Wow, thanks for the amazing job! It works just like how I imagined.

By the way, is it possible to make context parameter tempable too? If so, I can make my cmd_type field #[deku(temp)] too, which is used as an ID in FrameData enum of [CMD, ACK, MSG].

PPS. What about the length field, which presents the whole length of the encoded bytes, can it be implied using deku too? I currently directly write it into the buffer after the encode process.

sharksforarms commented 1 year ago

Wow, thanks for the amazing job! It works just like how I imagined.
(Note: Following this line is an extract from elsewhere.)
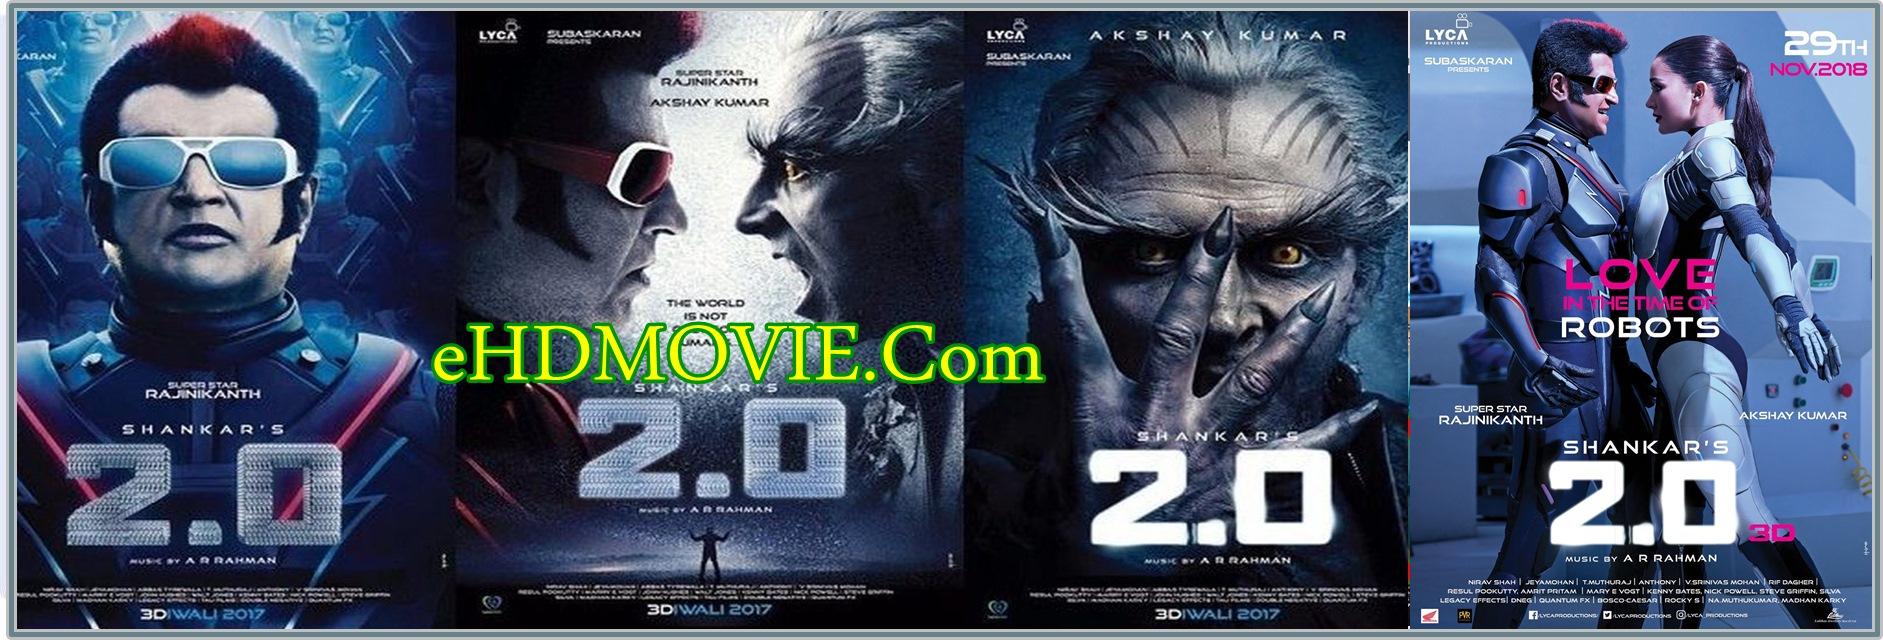 2.0 2018 Full Movie Hindi 1080p - 720p - HEVC - 480p ORG Pre-DvD 450MB - 800MB - 1.5GB - 2.4GB ESubs Free Download

By the way, is it possible to make context parameter tempable too? If so, I can make my cmd_type field #[deku(temp)] too, which is used as an ID in FrameData enum of [CMD, ACK, MSG].

PPS. What about the length field, which presents the whole length of the encoded bytes, can it be implied using deku too? I currently directly write it into the buffer after the encode process.

The thing with temp is that we remove the field entirely from the AST at compilation. That means we cannot store the result, such as cmd_type and length. Maybe the update attribute better suites your usecase for these?

shirok1 commented 1 year ago

Hello, I wonder if sharksforarms/temp-write is going to be merged to main?

wcampbell0x2a commented 1 year ago

Hello, I wonder if sharksforarms/temp-write is going to be merged to main?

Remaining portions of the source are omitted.